- Autore: Chiara Centioni
- Categoria: Narrativa Italiana
- Casa editrice: Castelvecchi
- Anno di pubblicazione: 2025
Raramente una vita perfetta è perfetta in tutto. Spesso è solo apparenza. Le vite perfette, o presunte tali appunto, hanno in genere molti privilegi o picchi di popolarità e non è semplice essere autentici, soprattutto di questi tempi. Chiara Centioni, con un passato nelle televendite, ora attrice e regista, in un romanzo dal titolo Cara Vali, , edito da Castelvecchi nel 2025 nella collana Raid diretta da Mariacarmela Leto, dimostra quanto sia difficile imporre le proprie aspirazioni e desideri sulle aspettative altrui.
Chiara cresce negli ambienti della buona borghesia romana. Il padre fa l’ingegnere e vorrebbe lo stesso per la propria figlia.

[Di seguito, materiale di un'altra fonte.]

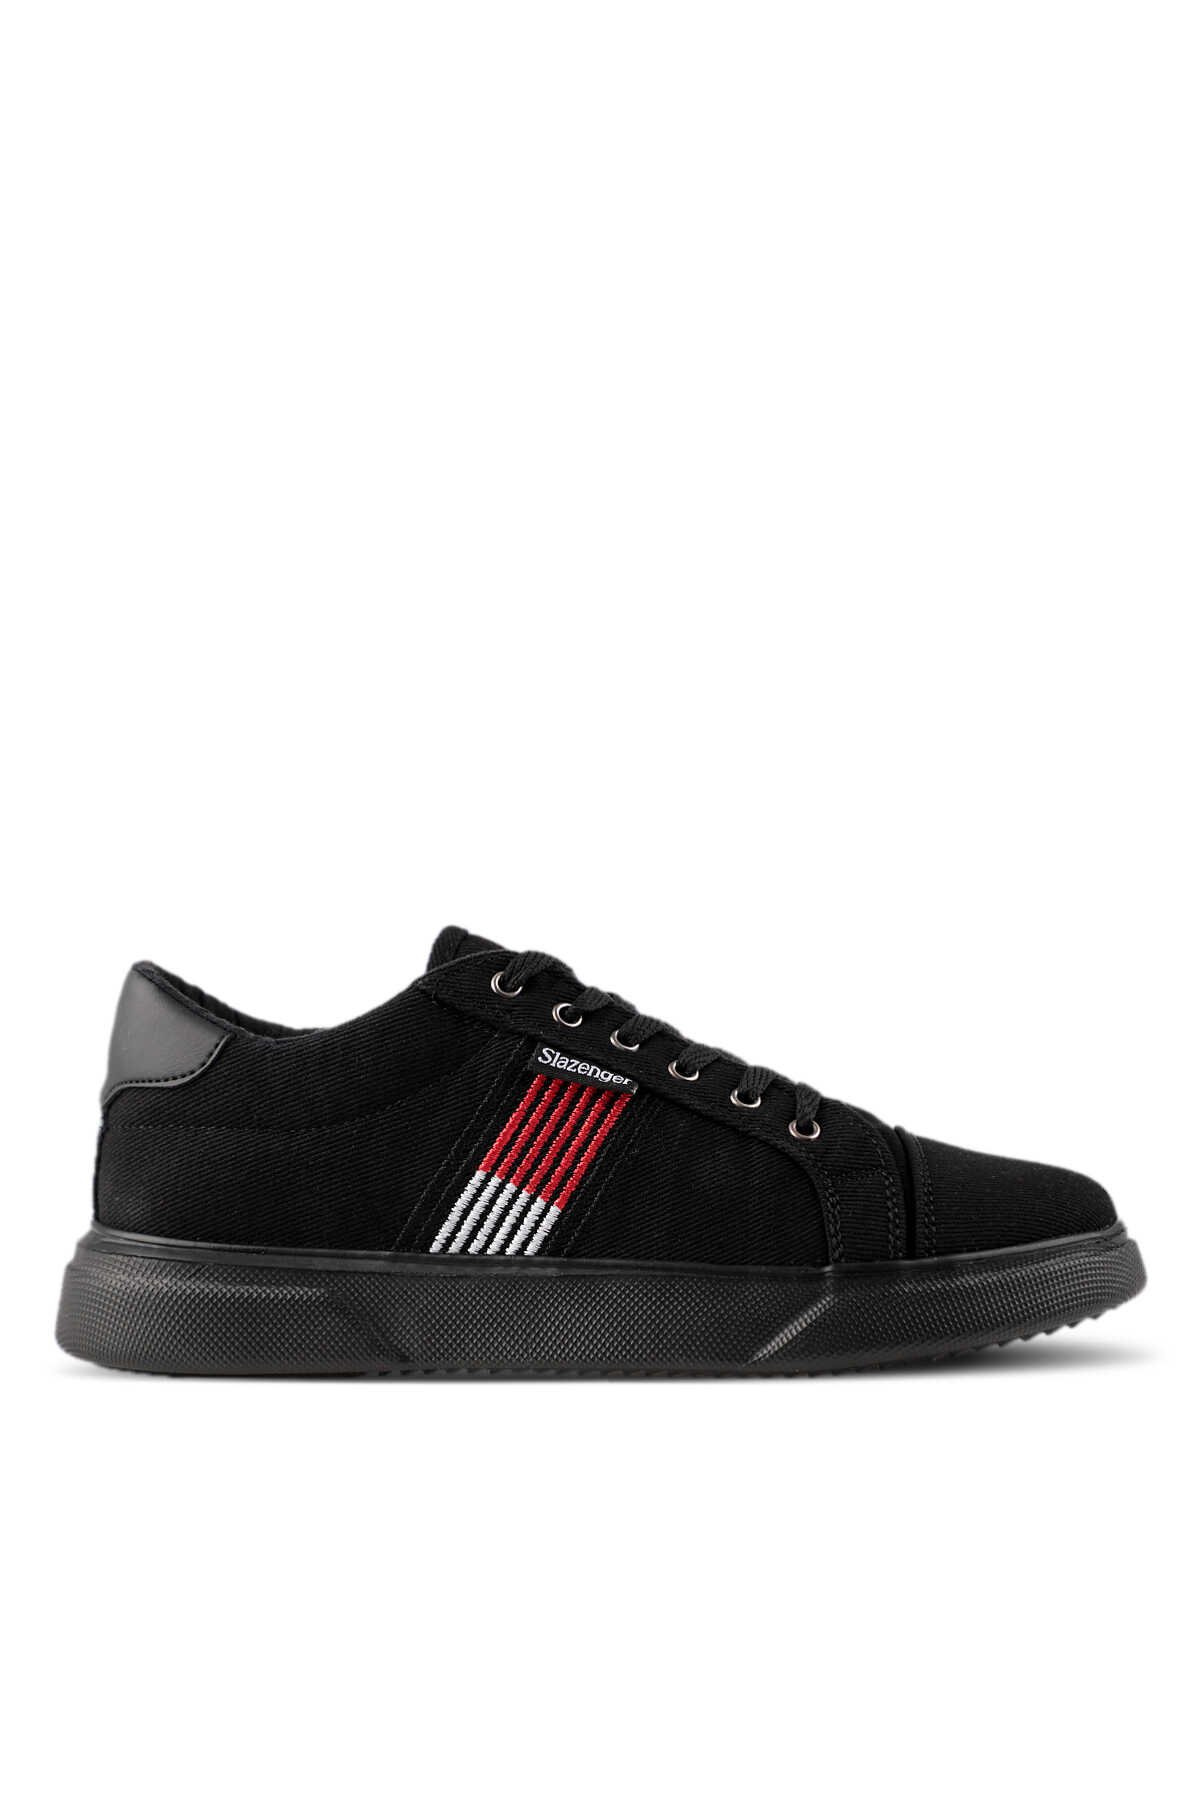 Slazenger - Slazenger DALY Sneaker Erkek Ayakkabı Siyah

I voti alti non solo sono richiesti, ma scontati, e sin da bambina è giudiziosa, ubbidiente, le piace sentirsi dire “brava” per tutto quello che riguarda la scuola, e non solo. In realtà sente una forte attrazione per il mondo dell’arte, in particolare del cinema. In famiglia, tuttavia, non è pensabile un’eventualità del genere.
Accettare il compromesso. I verbi che impediscono di fare l’amore col destino.
Dopo il liceo si iscrive ad Architettura, facoltà in un certo senso più vicina alle ambizioni artistiche, tacendo allo stesso tempo i sensi di colpa. Se il padre sembra però del tutto sordo e cieco, o fa finta di non accorgersi, la madre si mostra più comprensiva, probabilmente perché avrebbe voluto fare altro nella vita e non vuole che la figlia commetta i medesimi errori; le paga così la frequenza di un corso estivo di recitazione a New York. Chiara sa di essere fortunata e la fortuna, come le coincidenze, sono una parte importante dell’intera storia. Dopotutto la fortuna è come un fiume in piena, come sosteneva Machiavelli, per cui possiamo far poco, ma per altra buona parte dipende dalle nostre azioni. E così le coincidenze, dove non sempre siamo solo spettatori.
Nel prepararsi a un ruolo da interpretare, Chiara studia Tennessee Williams e se ne appassiona. Una volta tornata in Italia continua a studiare recitazione, seppure si rende conto che è necessario rendersi indipendente per realizzare i suoi progetti. L’unico lavoro che trova, permettendole di stare di fronte alle telecamere, è la testimonial prima e la presentatrice in un noto canale di televendite poi. Un mestiere che accetta come l’ennesima recita. Quando conosce qualcuno o esce a cena con un uomo si vergogna persino a rivelare la sua occupazione:
La borghesia esiste in funzione dello sguardo degli altri, in genere, di altri borghesi. E da questo confronto nasce l’agguato costante della vergogna.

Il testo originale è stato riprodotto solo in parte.